Key classes and components

This doc maps the main code in this repo to the conceptual pieces of the model and training pipeline.

train-model.py

`GPTConfig`

Holds model hyperparameters:

block_size (context length, max T)
vocab_size (V)
n_layer (L)
n_head (H)
n_embd (C)

`GPT`

Top-level decoder-only Transformer.

Key submodules:

wte: token embedding matrix $W_E \in \mathbb{R}^{V\times C}$
wpe: position embedding matrix $W_P \in \mathbb{R}^{T_{\max}\times C}$
h: stack of Block modules (length n_layer)
ln_f: final LayerNorm
lm_head: output projection to vocab (tied to wte)

`Block`

One Transformer block (pre-LN residual):

ln_1 → attn → residual add
ln_2 → mlp → residual add

`CausalSelfAttention`

Multi-head causal self-attention:

projects $X$ into $Q,K,V$
uses causal masking ($s>t$ masked) via fused attention
projects concatenated heads back to $C$

`MLP`

Feed-forward network:

$C\to 4C\to C$ with GELU

`DataLoaderLite`

Loads tokenized .npy shards and yields (x, y) pairs for next-token prediction.

fineweb.py

downloads FineWeb-Edu split
tokenizes with GPT-2 BPE (tiktoken)
writes token shards to disk as .npy (first shard often used as validation)

evals.py

Standalone HellaSwag evaluator (multiple-choice by loss). To use it with your trained model, swap HF model loading for your GPT checkpoint.

Transformer formulas

Notation: batch $B$, sequence length $T$, embedding dim $C$, heads $H$, head dim $d=C/H$, vocab $V$, layers $L$.

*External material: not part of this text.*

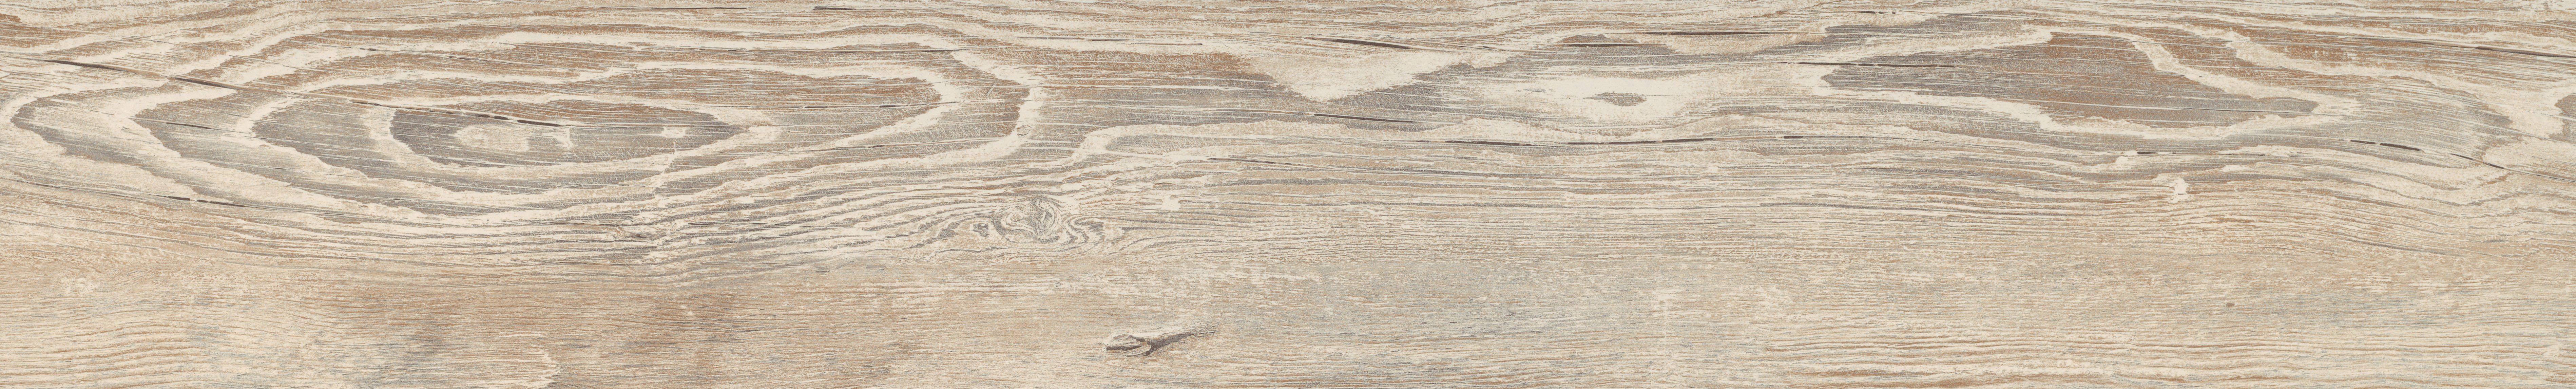 Comprar tarimas de pino altholz online tarimas del mundo - Tarimas del mundo madrid ...

Token + positional embeddings

Let token embedding matrix $W_E \in \mathbb{R}^{V\times C}$ and position embedding matrix $W_P \in \mathbb{R}^{T_{\max}\times C}$. With token IDs $\mathrm{idx}\in{0,\dots,V-1}^{B\times T}$ and positions $p_t=t$:

$\begin{aligned} x_0[b,t,:] = W_E[\mathrm{idx}_{b,t}] + W_P[p_t] \quad \in \mathbb{R}^{C}. \end{aligned}$

LayerNorm (per token, over channels)

For $u\in\mathbb{R}^{C}$:

$\begin{aligned} \mu(u) &= \frac{1}{C}\sum_{i=1}^{C} u_i, \\ \sigma^2(u) &= \frac{1}{C}\sum_{i=1}^{C}\left(u_i-\mu(u)\right)^2, \\ \mathrm{LN}(u) &= \gamma \odot \frac{u-\mu(u)}{\sqrt{\sigma^2(u)+\varepsilon}} + \beta, \end{aligned}$

with learnable $\gamma,\beta\in\mathbb{R}^{C}$.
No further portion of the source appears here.